THE TASK
Strip out the pictures and output each remaining line of the data word for word.

PROVIDED MATERIAL
****************************************

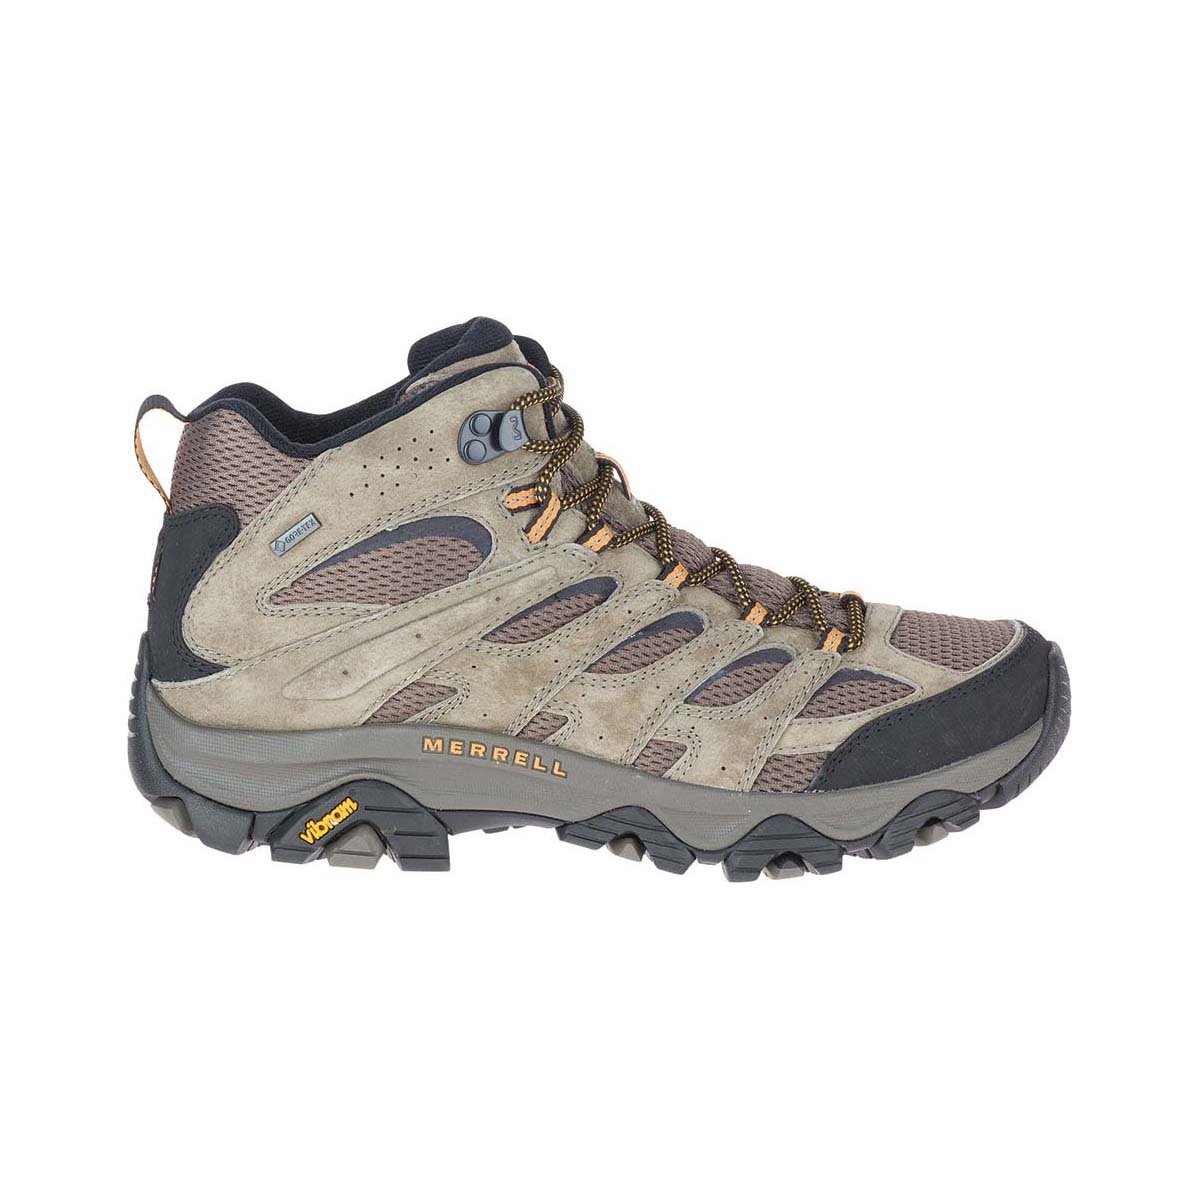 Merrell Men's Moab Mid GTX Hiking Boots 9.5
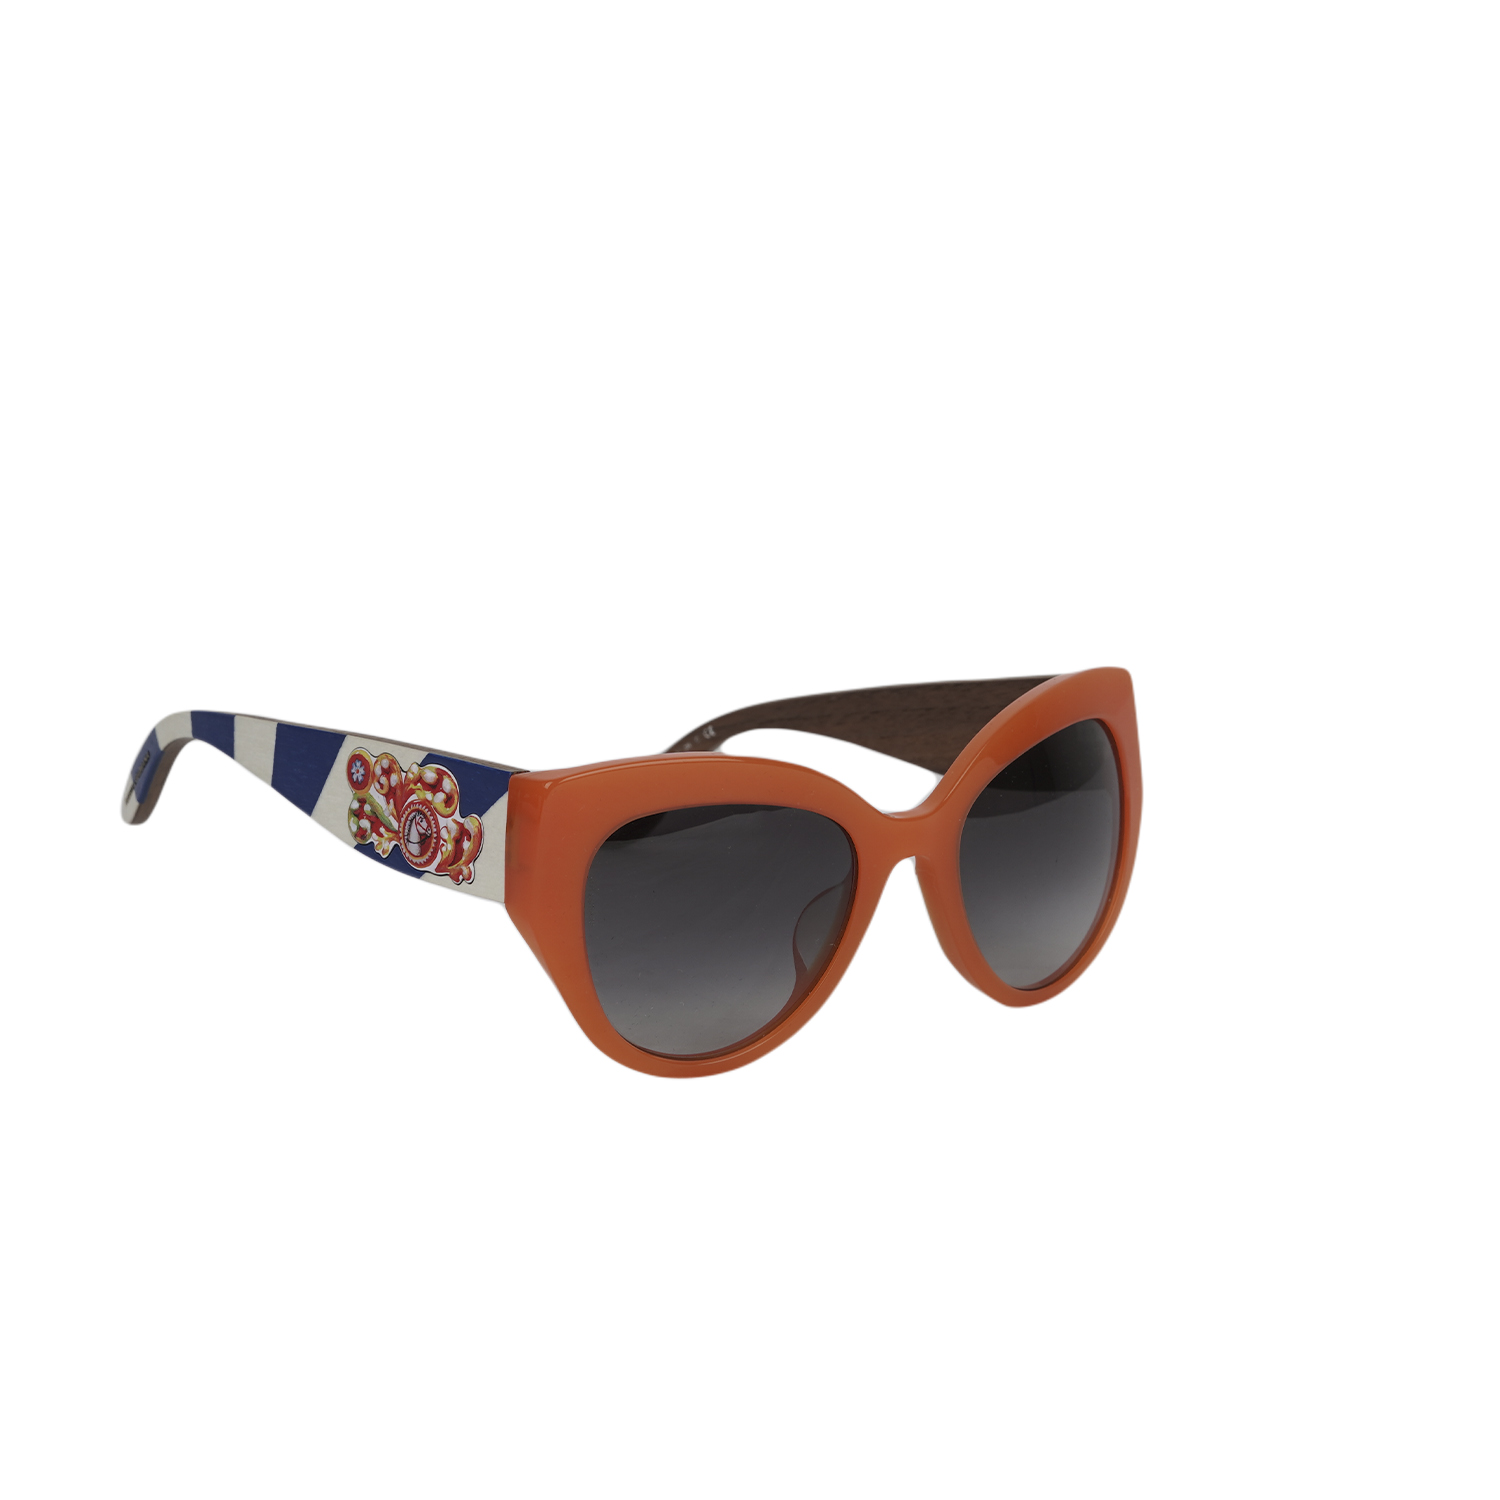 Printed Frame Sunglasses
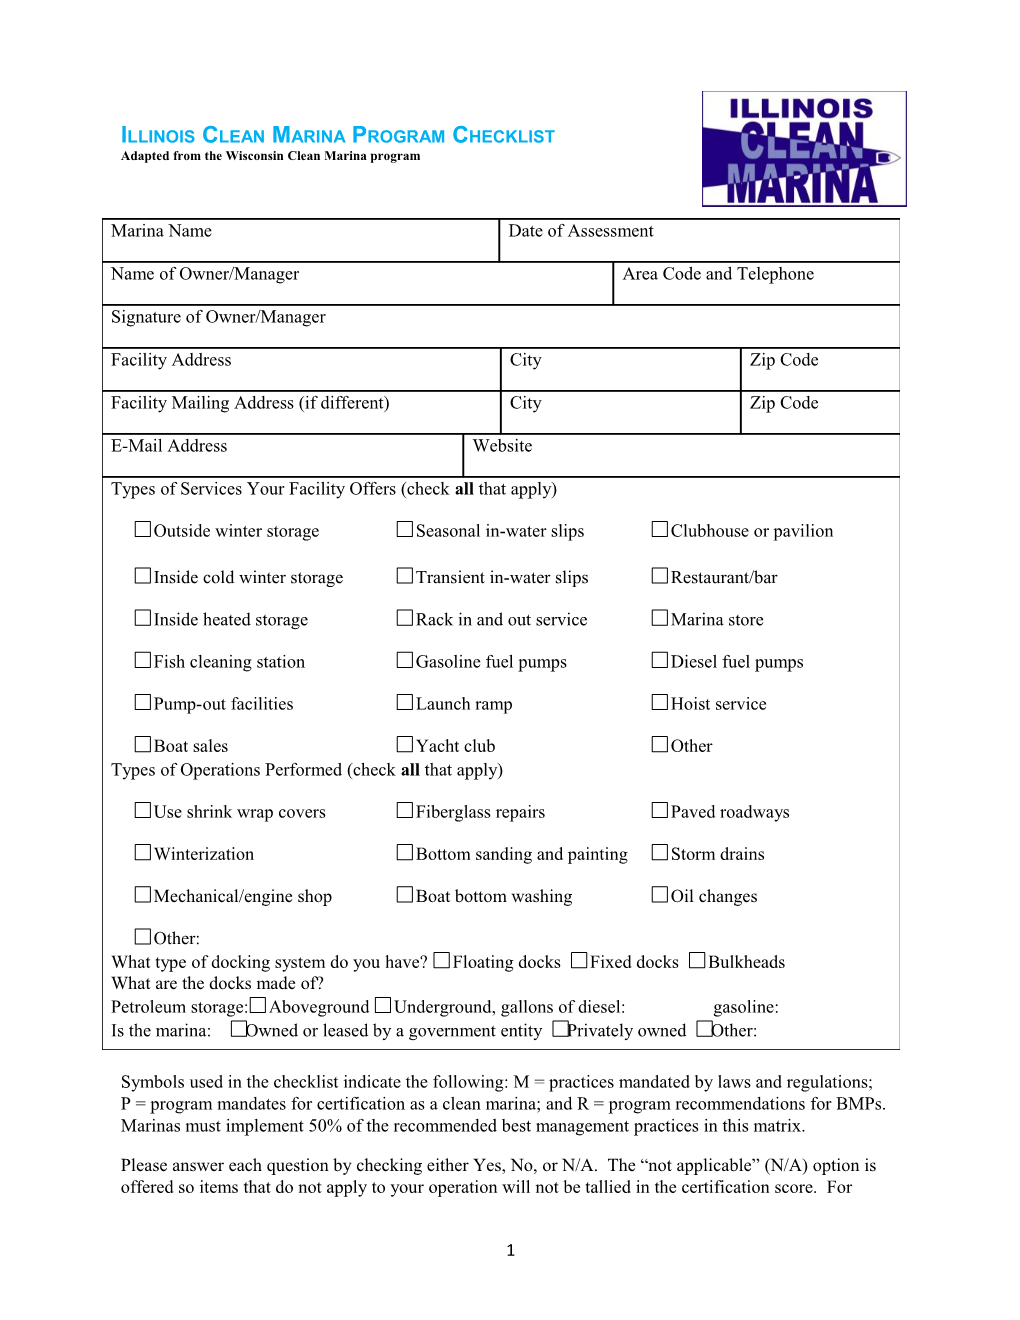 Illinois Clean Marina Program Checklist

****************************************

TASK RESULT
 Merrell Men's Moab Mid GTX Hiking Boots 9.5
 Printed Frame Sunglasses
 Illinois Clean Marina Program Checklist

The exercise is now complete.